July 21, Molson Amphitheatre, Toronto, ON - "Mood Swings - 8 miles to Pancake Day" tour 2013


----------



## GuitarsCanada (Dec 30, 2005)

Right on man


----------



## Chito (Feb 17, 2006)

No Ottawa date.  Maybe it would be a good time to go to TO for this one.


----------



## fretboard (May 31, 2006)

Hmm, pondering a 2-nighter to Canandaigua, NY outside of Rochester - Furthur (ex-Grateful Dead guys) July 19, Steely Dan the following night. Looks like top price for Steely Dan there is $105 - believe it was in the $160'ish range last time they played the Molson.


----------



## mhammer (Nov 30, 2007)

As faithful a fan as I am of the Steely one (and that includes Fagen's solo efforts), I have to say I was seriously underwhelmed when I went to see them at Bluesfest a couple years ago. Everything just seemed so mechanical, with every note in place, and nary a hint of intention to just bust out.

On the other hand, even the best bands have off-nights when bus travel catches up to them, or mismatches between vibe and venue. Still, I have to admit there is something eternally magical about a Rhodes fed into a Phase 90.


----------



## Chito (Feb 17, 2006)

mhammer said:


> As faithful a fan as I am of the Steely one (and that includes Fagen's solo efforts), I have to say I was seriously underwhelmed when I went to see them at Bluesfest a couple years ago. Everything just seemed so mechanical, with every note in place, and nary a hint of intention to just bust out.
> 
> On the other hand, even the best bands have off-nights when bus travel catches up to them, or mismatches between vibe and venue. Still, I have to admit there is something eternally magical about a Rhodes fed into a Phase 90.
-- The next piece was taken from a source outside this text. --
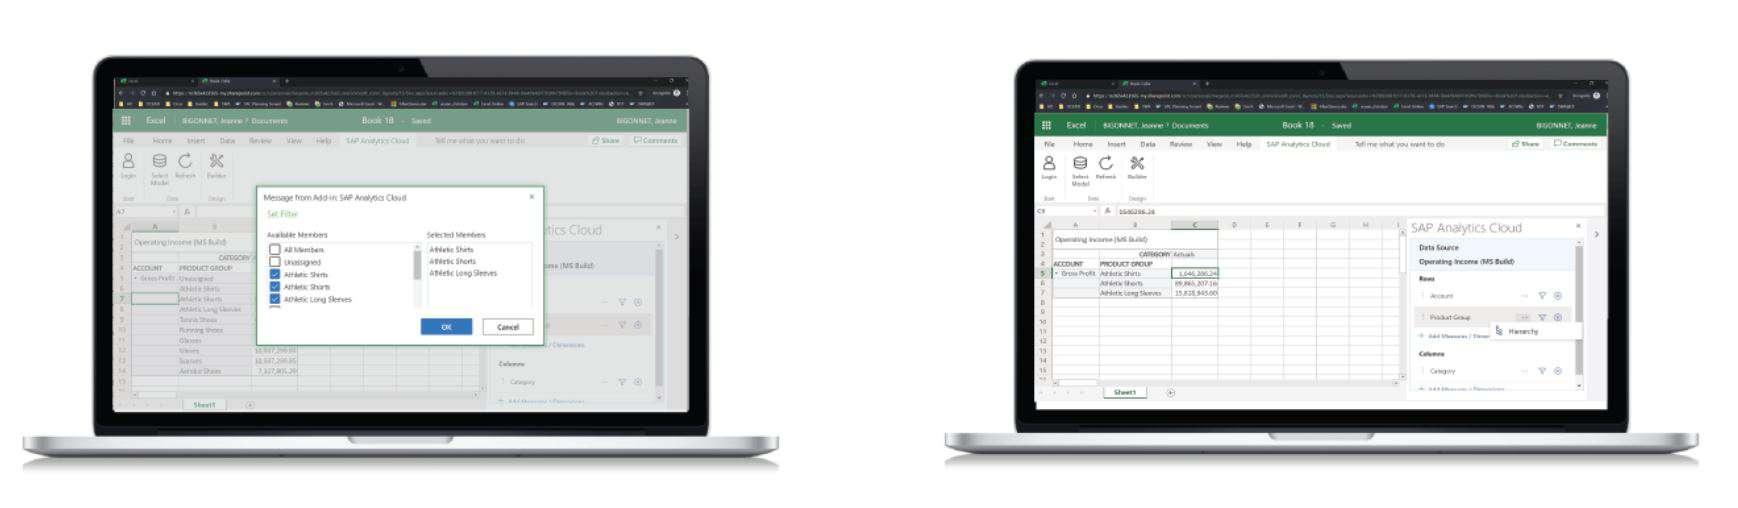 Microsoft office SAP add in 2020

I got the same impression and feeling when I saw them at the same Bluesfest you are talking about Mark. I said to myself then, that it probably would've been totally different and better if they played at the Scotiabank or even the NAC. I thought being outdoors didn't give justice to their music. And another thing is in my opinion, the Bluesfest stages are awful as far as sound is concerned.


----------